Mit 'Verbrauchertäuschung' getaggte Einträge

Der goldene Windbeutel 2012

Saufutter: Mirabellen ohne Mirabellen, Margarine als Medizin, Hackfleisch mit Wasser gesteckt… Noch vier Tage läuft die Aktion Goldener Windbeutel von Foodwatch, bei der die Teilnehmer die größte Verbrauchertäuschung wählen.

Die sechs Vorschläge sind alle krass, sodass es mir schwerfällt, überhaupt eine Entscheidung zu treffen. Ich tendiere zu der Becel-Margarine-Cholesteringeschichte, weil der Konzern hier mit der Angst der Menschen spielt, und Dinge marketingtechnisch vermischt, die man getrennt verkaufen sollte: Essen im Supermarkt, Medizin in der Apotheke. Wer seinen Cholesterinspiegel senken will, soll eben weniger fett kochen und essen. Und kranke Menschen brauchen einen Arzt und keinen Werbefritzen.

Interessant fand ich, dass ein Hersteller, Hipp, bereits auf die Windbeutel-Nominierung reagiert hat, und einen gezuckerten Kindertee vom Markt nehmen will.

Windbeutel sind übrigens etwas Köstliches.

Saufutter: Hefeextrakt ist ein Geschmacksverstärker

Saufutter: Die Verbraucherzentrale Niedersachsen hat sich 151 Lebensmittel mit sogenannten Clean Lablen angesehen. Diese Hinweise auf Verpackungen besagen, dass das Produkt keine Konservierungsstoffe, Farbstoffe oder Geschmacksverstärker enthält, je nach Lable. In vielen Fällen fanden die Prüfer in den Nahrungsmitteln aber Ersatzstoffe, die zwar die gleiche Wirkung haben, aber nicht unter die entsprechende Verordnung fallen.

Das krasseste Beispiel finde ich immer wieder Hefeextrakt, der laut Gesetz nicht zu den Geschmacksverstärkern zählt, aber dennoch zu einem guten Teil aus Glutamaten besteht, wie alle anderen Geschmacksverstärker auch.
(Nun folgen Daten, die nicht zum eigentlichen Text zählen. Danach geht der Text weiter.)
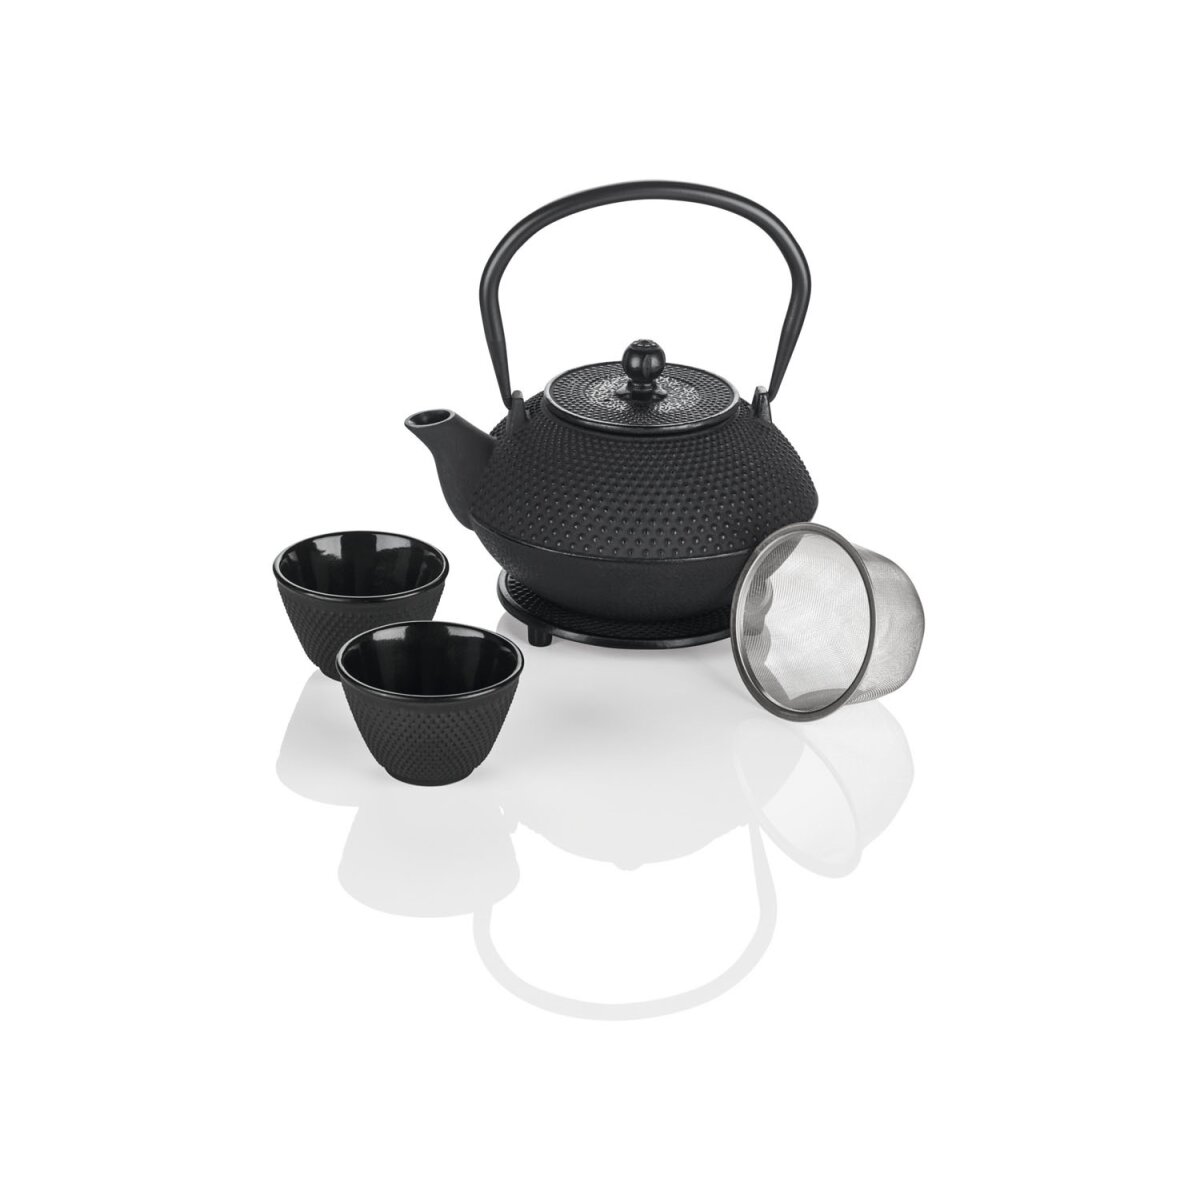 ERNESTO® Gusseisen-Tee-Set, 4-teilig, mit herausnehmbarem Teefilter -  B-Ware sehr gut, 20,99 €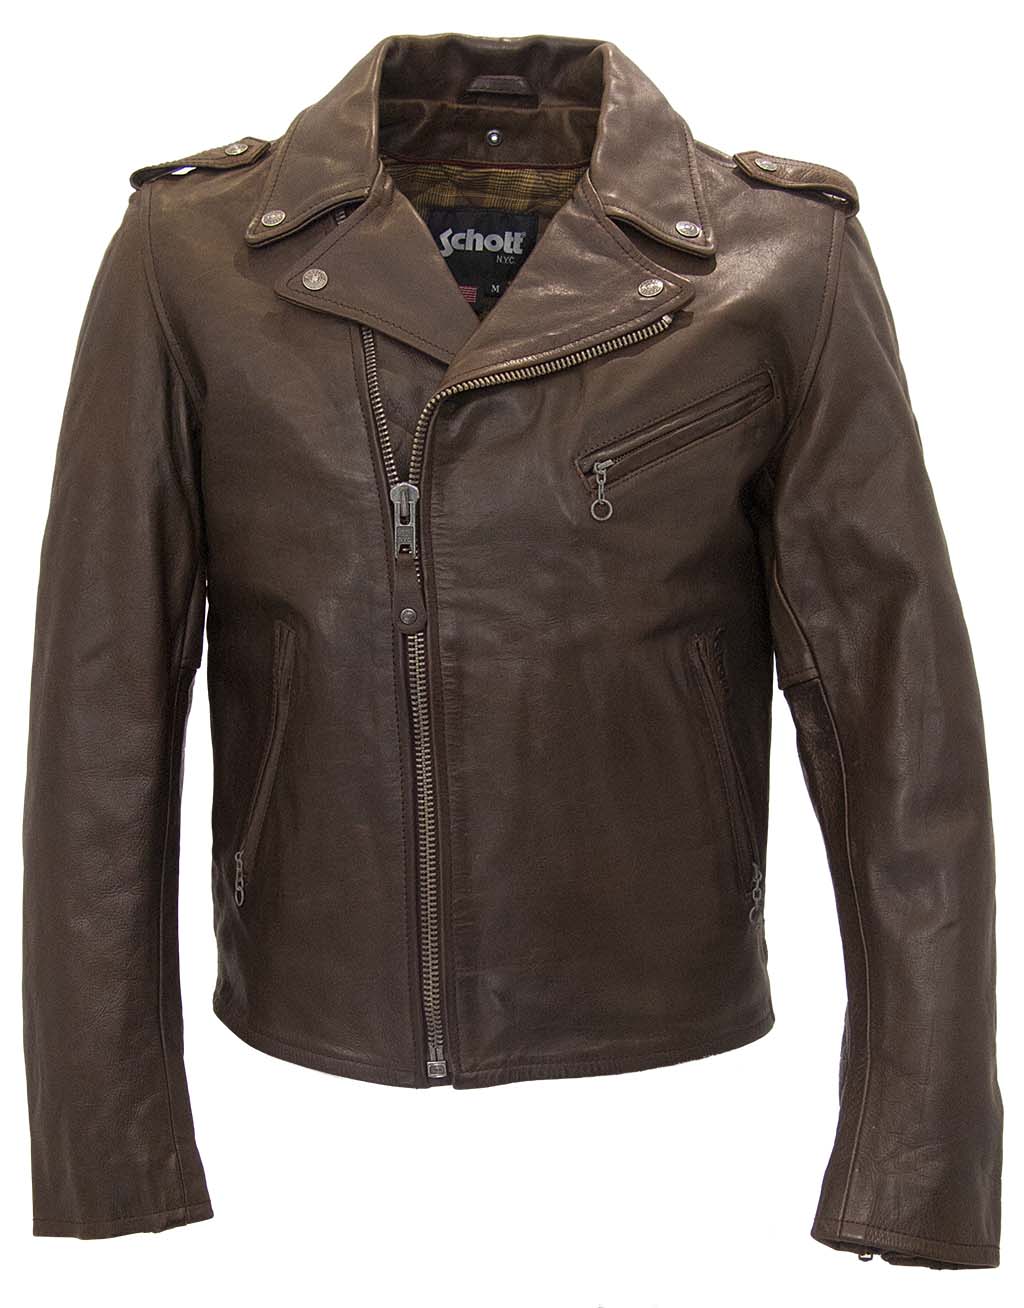 Schott Perfecto LC 1140 Mens Brown Leather Jacket BNWT by Schott NYC | eBay

Im Gegenteil, das Lebensmittellexikon schreibt: “Autolysierte Hefeextrakte dienen zudem als primäre Quelle für Mononatriumglutamat”. Daher zu behaupten, Hefeextrakt sei kein Geschmacksverstärker, ist eine böse Täuschung, selbst wenn sie in einem rechtlichen Rahmen stattfindet. Die Verbraucherzentrale ermittelte auf den Zutatenlisten von 68 von 74 Produkten, die als ohne Geschmacksverstärker gekennzeichnet waren, Hefeextrakt, darunter Maggi fix&frisch Tomaten-Zucchini Gratin, Frankenberg Gourmet Snack Knuspriges Kartoffelrösti, Poté Edelpilzcreme Suppe und Erasco Heiße Tasse Hühnersuppe.

Was mich weniger stört, sind Zitronensäure oder Essig als Ersatz für Konservierungsstoffe. Während Glutamate bei Verbrauchern verpönt sind, Hefe hin oder her, verstehen sie unter Konservierungsstoffen eher Benzoe- oder Sorbinsäure, bei denen es gesundheitliche Bedenken gibt. Gegen Zitronen oder Essig hat, außer vielleicht geschmacklich, niemand etwas einzuwenden. Ein PDF mit weiteren Beispielen findet sich auf der oben angegebenen Webseite.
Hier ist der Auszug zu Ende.